AMAG Technology, Inc., a G4S company headquartered in Torrance, Calif., announced this week that Kurt Takahashi, senior vice president, sales, has been promoted to president.

Takahashi, who began at AMAG in February 2015, successfully grew the business through his management of the sales, sales engineering and business development teams.

Prior to AMAG, Takahashi was the vice president of global sales and marketing at Quantum Secure, helping increase the global pipeline and revenue growth.

Takahashi told Security Systems News that he looks forward to helping AMAG Technology sustain the strong 20 percent year-over-year growth the company experienced from 2015 to 2016. 

“We had a great year and part of the reason why we have had good growth is because the industry is now starting to understand that AMAG is more than just an access control company,” he explained. “That message is really starting to resonate, because if you look at the growth of the company, we grew in every category of our business.”

Last year, AMAG released its Symmetry product line with Symmetry GUEST, the company’s web-based visitor management system, and Takahashi said he will continue to focus on delivering unified solutions that will help end users mitigate risk, meet compliance requirements and reduce costs.
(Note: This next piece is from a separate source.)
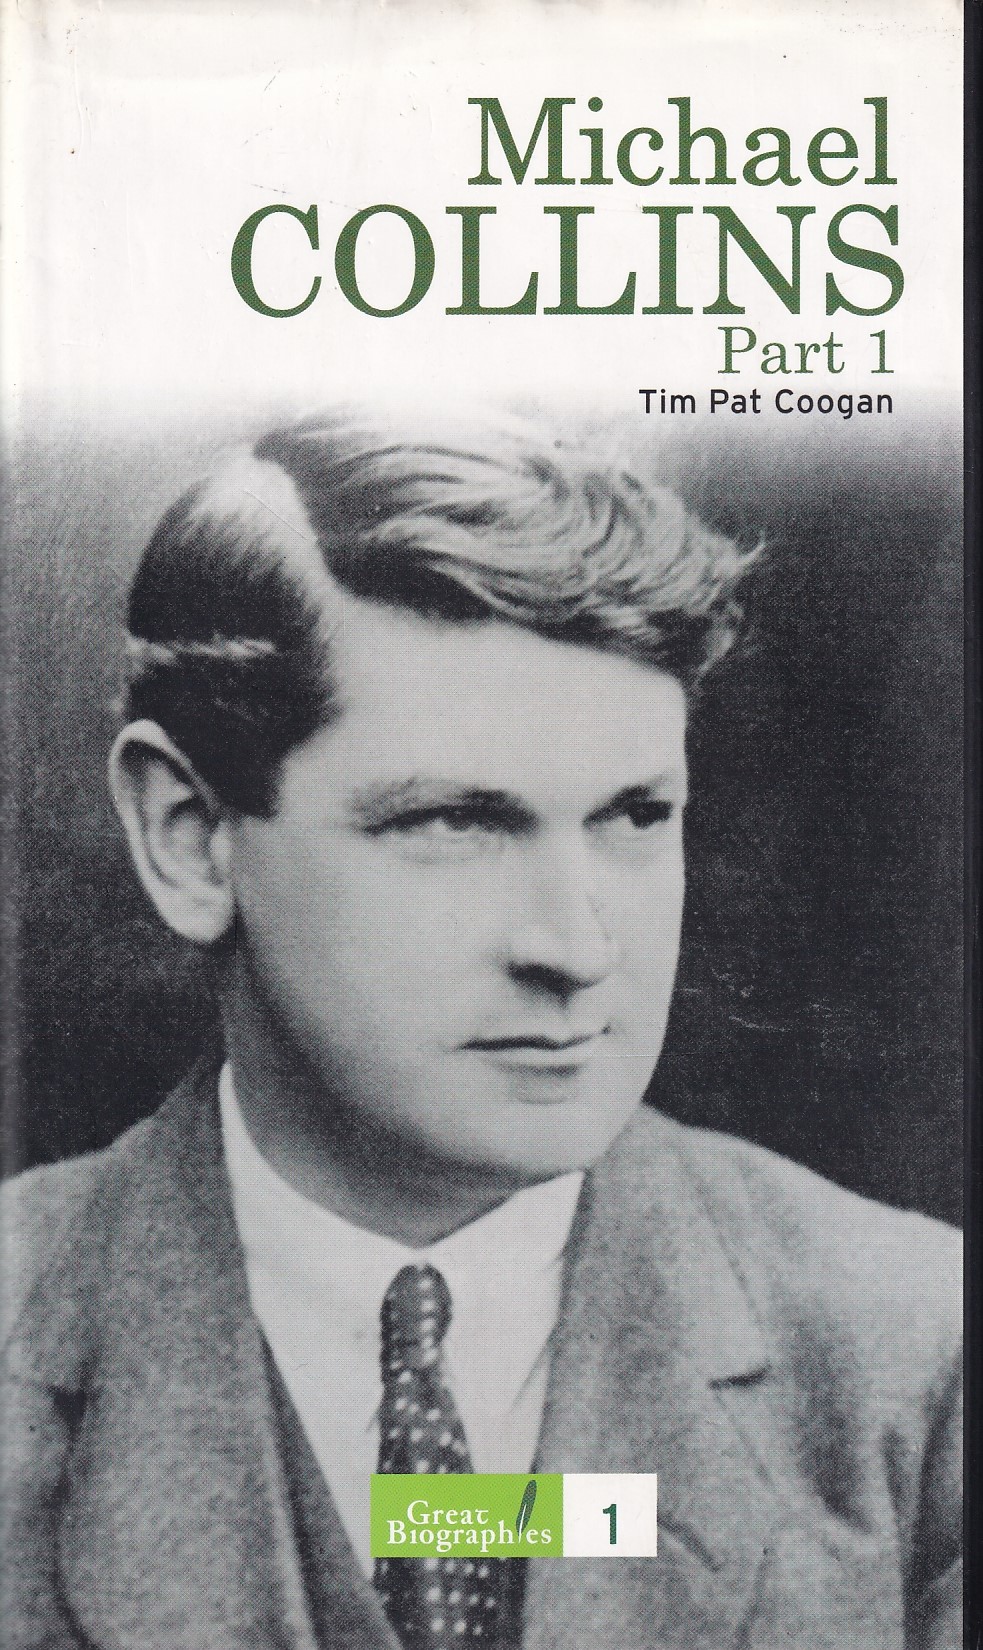 Michael Collins: Great Biographies (2 Volume Set) [SIGNED] | Tim Pat Coogan | Charlie Byrne's

“Our visitor management solution, which is a hosted service, is more than just a basic visitor management system—it is a policy-based system that has lots of full-featured integrations with third party products with calendaring systems,” he noted. “It automates how we manage different types of visitors, whether international visitors or different types of MBAs or safety certifications or acknowledgements, and things like that—really automating the experience of how companies actually manage their visitors.”

This year, the company is going to be releasing a rewrite of its Symmetry Connect platform. “We are looking forward to releasing that this year and that is going to help us to automate all of the onboarding and off-boarding and audits and compliance requirements for a lot of our customers.”

He pointed out that the success of these products can be attributed partly to the effort the company has put toward understanding the needs of its customers.

“We spend a lot of time sitting down with our customers in the command center next to the guard or the officer watching every click, asking, ‘How do I simplify it?’ These are the things that we are building into our application to simplify that process, whether it is through Connect or through new applications that we are building to augment things within Symmetry.”

He said that the company also gets a lot of great feedback and direction from customers at its annual AMAG Security Engineering Symposium. This year, the event is being held from Feb. 17-20 at the La Cantera Resort & Spa in San Antonio, Texas.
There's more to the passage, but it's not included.